TaFAD2.6 and TaFAD2.8 structural modeling and docking studies
The FAD2 members have been shown to play important roles in wheat response to environmental stresses. Microsomal omega-six fatty acid desaturases (FAD2) introduce a double bond to the oleic acid (C18:1) carbon chain resulting in linoleic acid (C18:2) [28]. Linoleic acid is a precursor of other polyunsaturated fatty acids, and it is essential for the growth of all eukaryotes [29]. On the other hand, among the FAD2 members, TaFAD2.6 and TaFAD2.8 proteins had the highest expression in all studied stresses. Therefore, in the present study, their molecular structure and interaction of ligand-enzyme have been evaluated. Three-dimensional structures of TaFAD2.6 and TaFAD2.8 proteins have been predicted and refined by I-TASSER and ModRefinder servers, respectively. According to the results of the Ramachandran analysis of primary and refined models, the residue count increased in favored regions from 68.4% to 86.0% and from 69.1% to 87.0% in TaFAD2.6, and TaFAD2.8, respectively, confirming that the refined models are of good qualities. The modeled structure for TaFAD2.6 has 18 α-helices and 19 loops (Fig. 10b) while TaFAD2.8 structure has 19 α-helices and 20 loops (Fig. 11b). Most of the predictor programs predicted that the TaFAD2.6 and TaFAD2.8 proteins have six transmembrane (TM) α-helices (Fig. 10a and 11a) with a consensus domains of TM1 (Val86-Val109), TM2 (Ala114-Ile132), TM3 (Ser145-Trp158), TM4 (Arg208-Val213), TM5 (Gln254-Val273), TM6 (Trp280-Gln303) for TaFAD2.6 and TM1 (Asp65-Val86), TM2 (ALA91-Ile109), TM3 (Ser122-Trp135), TM4 (Trp197-Asn204), TM5 (Asp236-Ser251), TM6 (Phe255-Thr282) for TaFAD2.8. Three conserved histidine boxes have been found in the TaFAD2.6 and TaFAD2.8. Based on the reports in other plant species, the histidine boxes interact with two irons at the catalytic sites of the FAD2 enzymes [30, 31]. The predicted structures of TaFAD2.6 contains three conserved histidine boxes with eight histidine residues of His134, His138 at position loop 7, His170, His173, His174 at positions α-helix 8, and His345, His348, His349 at position α-helix 16 of the protein structure (Fig. 10d). Likewise, the TaFAD2.8 structure possesses three conserved histidine boxes with eight histidine residues of His111, His115 at position α-helix 4, His147, His150, His151 at positions α-helix 6, and His322, His325, His326 at position α-helix 17 (Fig. 11d). The histidine residues revealed essential catalytic features in plant FADs [32].

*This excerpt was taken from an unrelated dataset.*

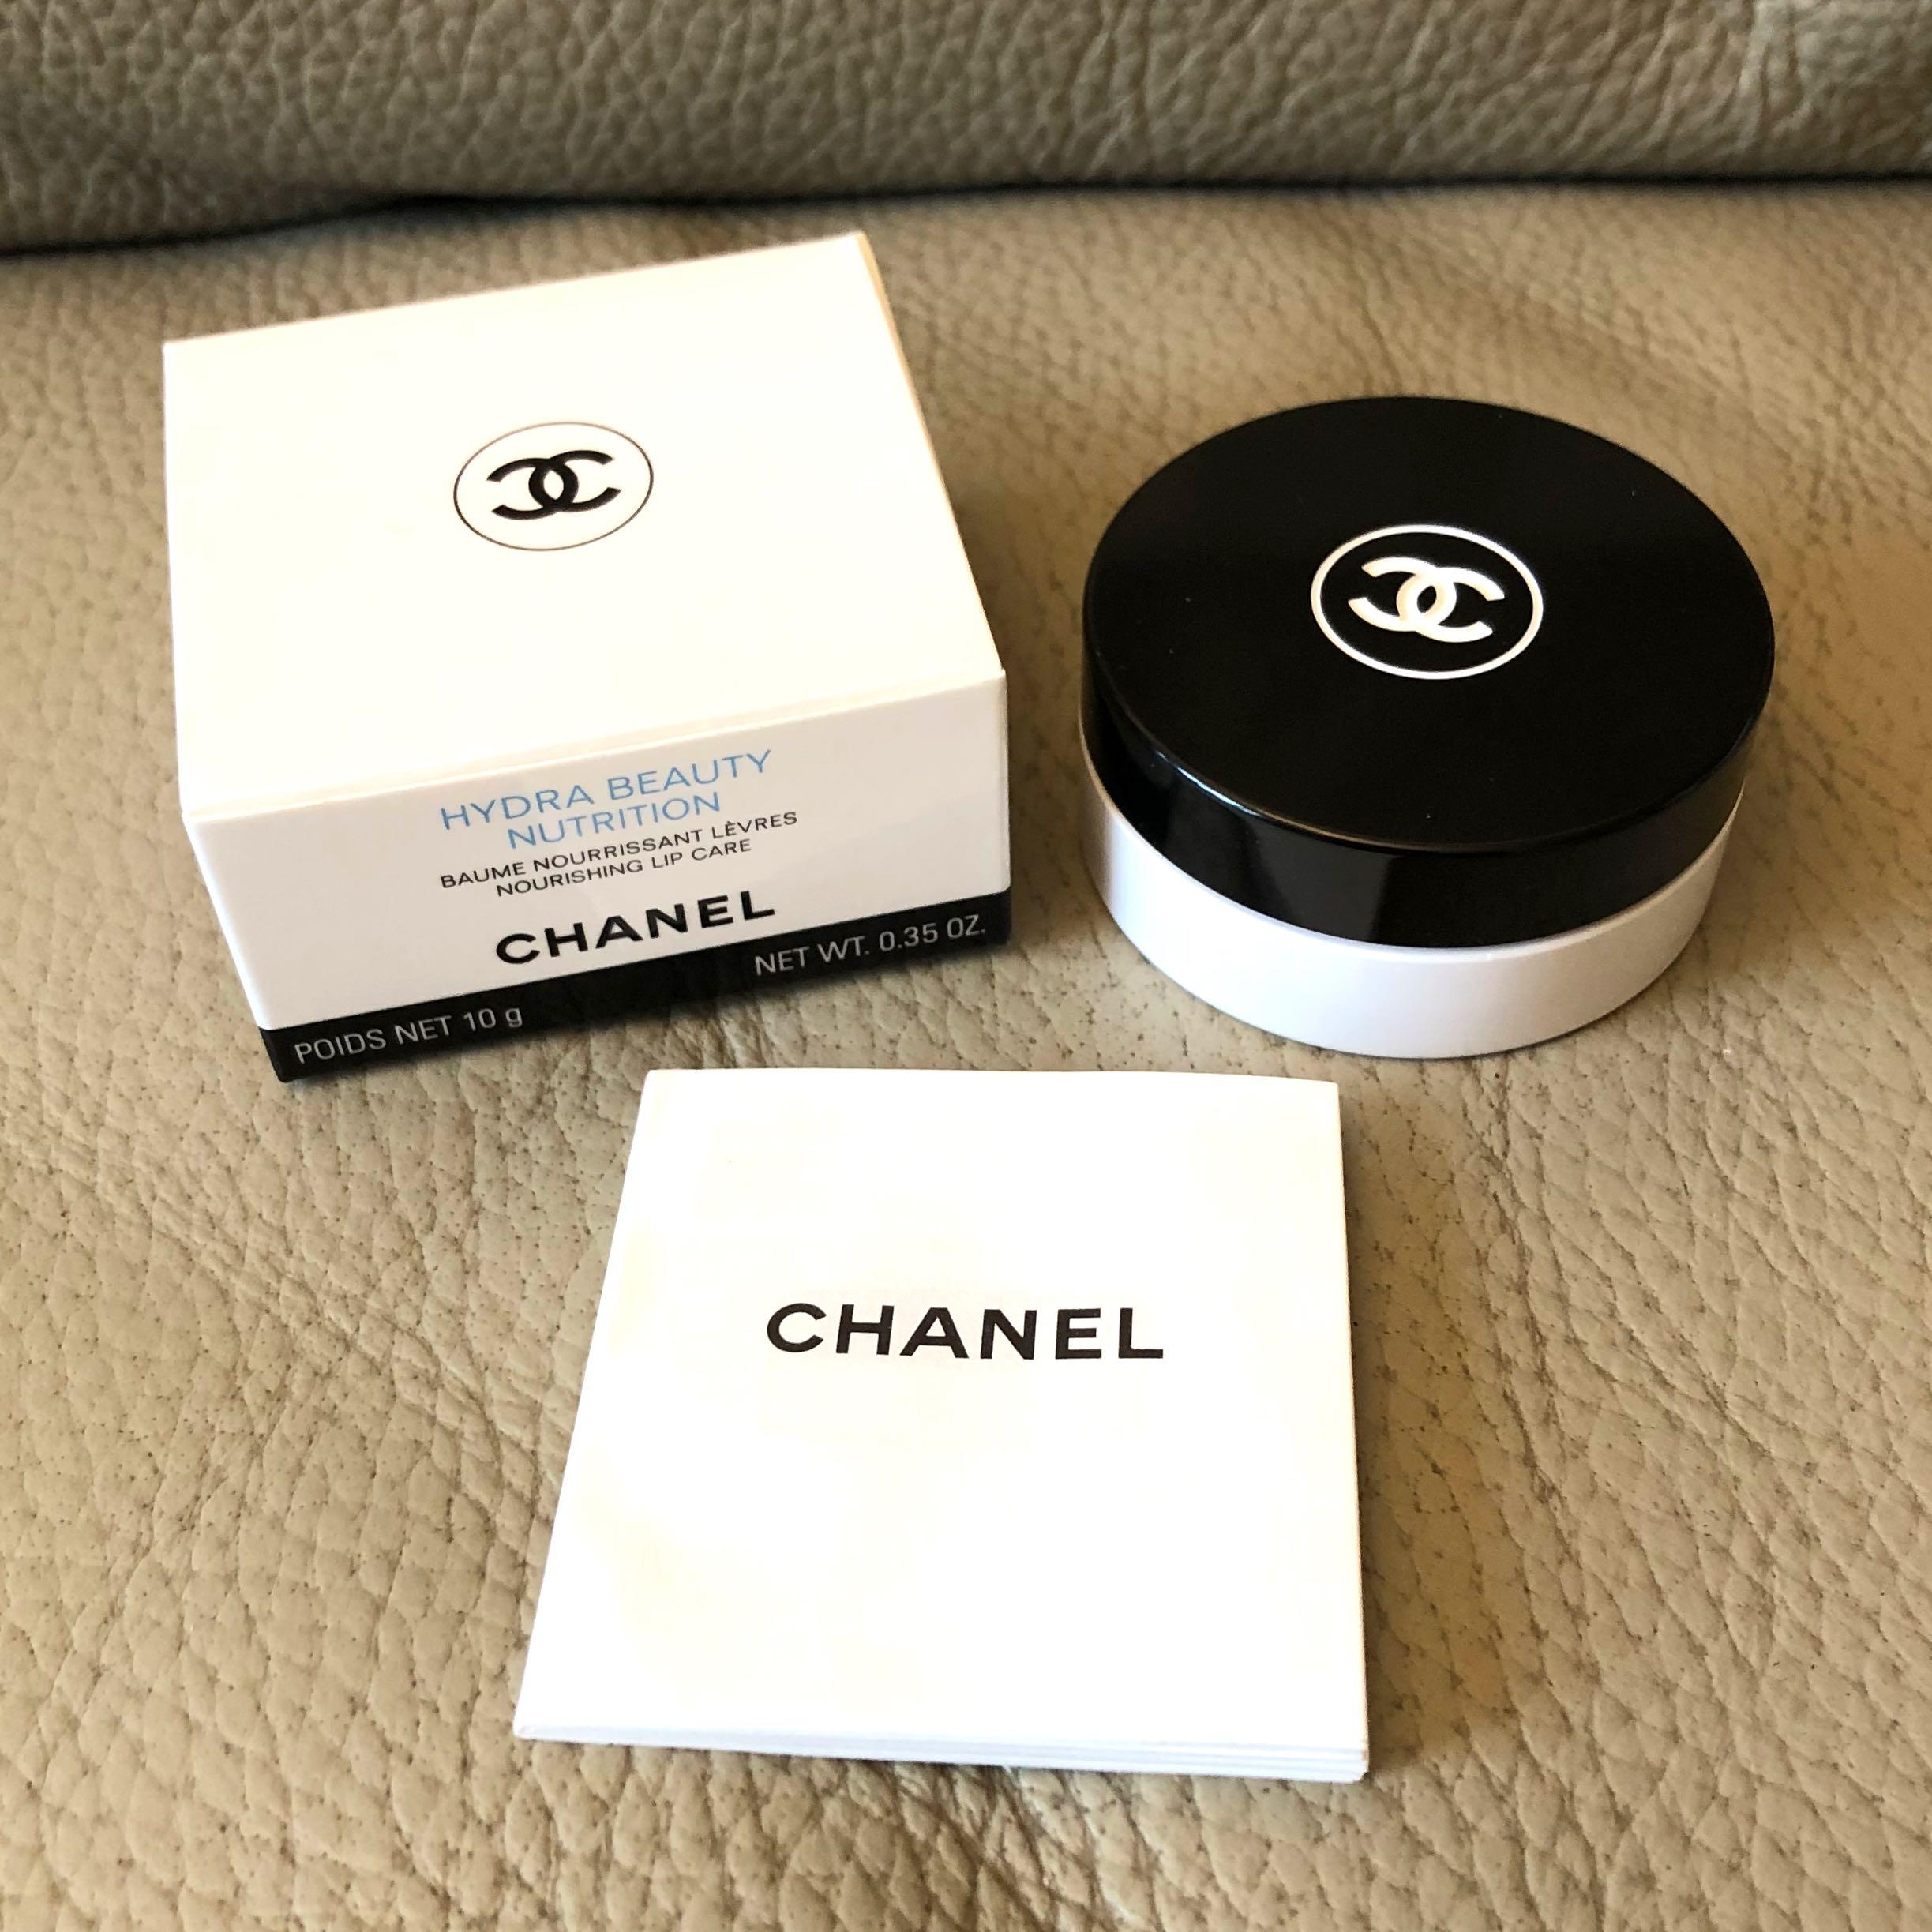 Buy Chanel Hydra Beauty Nutrition Nourishing & Protective Cream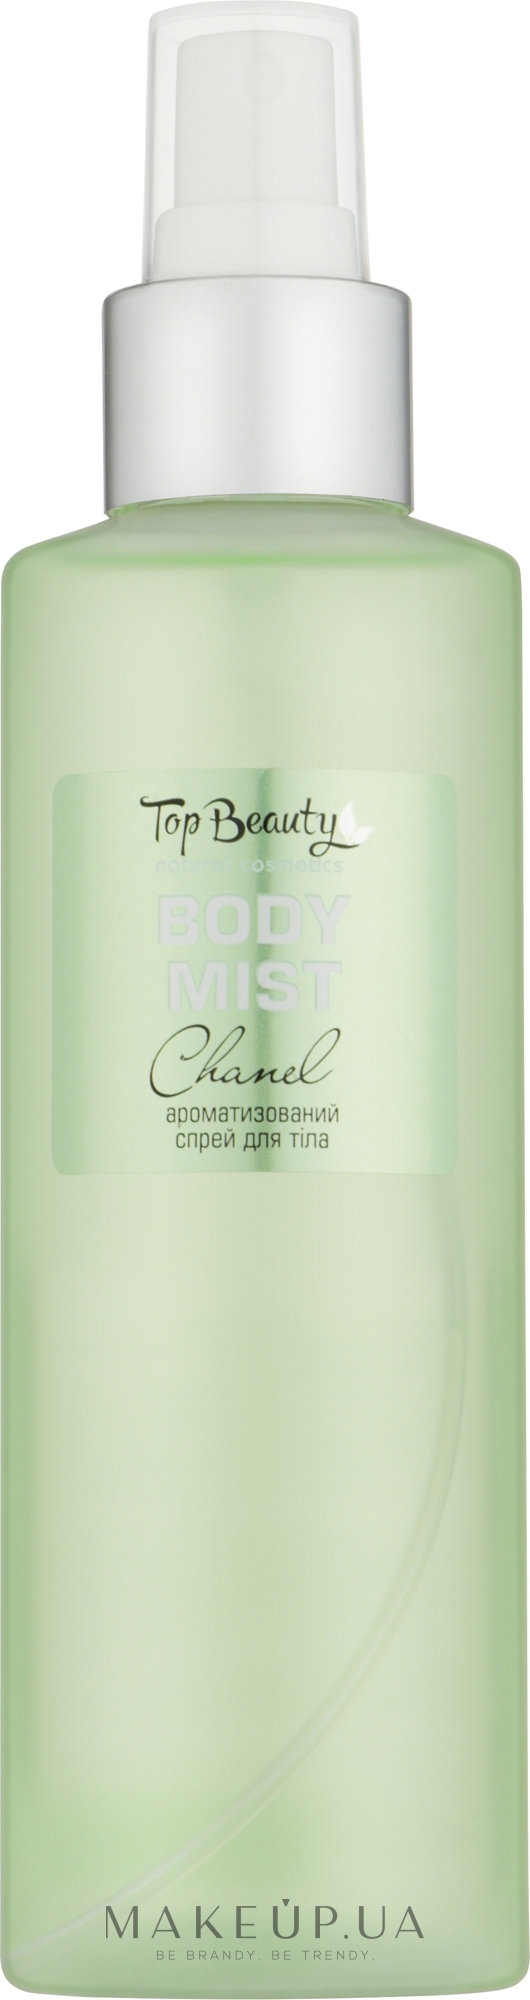 Парфюмированный мист для тела "Chanel" - Top Beauty Body Mist Chanel — фото 200ml

Delta-12 desaturase introduces a double bond at the delta-12 position of oleic acid to produce linoleic acid. We carried out docking studies of oleic acid on the refined model structure to assess the ligand specificity of wheat omega-6 desaturases using AutoDock 4.2. Based on the docking simulation with the ligand-enzyme binding energy of -5.94 kcal/mol, Val129, His134, Leu160, Val161, Ser165, Trp166, Ser169, His170, His173, Pro188, Lys189, Gln190, Lys191, Glu192, Ala193, Ile212, Val213, Leu216, Leu296, Val297, Ile299, Thr300, and His345 of TaFDA2.6 formed closed contacts with the docked oleic acid, while Arg29, Val106, Ala110, His111, Trp143, Ser146, His147, Arg149, His150, His151, Asn153, Gln192, Ala202, Pro211, Leu273, Ile276, Thr277, His281, His322, and His326 were involved in ligand-TaFAD2.8 binding with -4.75 kcal/mol docking energy. The oleic acid formed a hydrogen band with His170 and His147 in TaFAD2.6 and TaFAD2.8, respectively (Fig. 10c and 11c). Based on the figure 10d, in TaFDA2.6, His134, His138, His170, His173, His174, His345, His348, and His349 residues involved substrate-binding are part of HECGH, HRRHH, and HVAHH histidine boxes. In the TaFAD2.8, His111, His115, His147, His 150, His151, His322, His325, and His326 residues involved in the active site are also part of three conserved histidine boxes (Additional file 1: Table S5). These results suggest that the conserved histidine boxes play critical roles in the binding of the ligand to the active site. The results mentioned above may be useful for future site-directed mutagenesis studies to increase the catalytic efficiency of the FAD2 enzymes and subsequently enhance wheat tolerance to different stresses.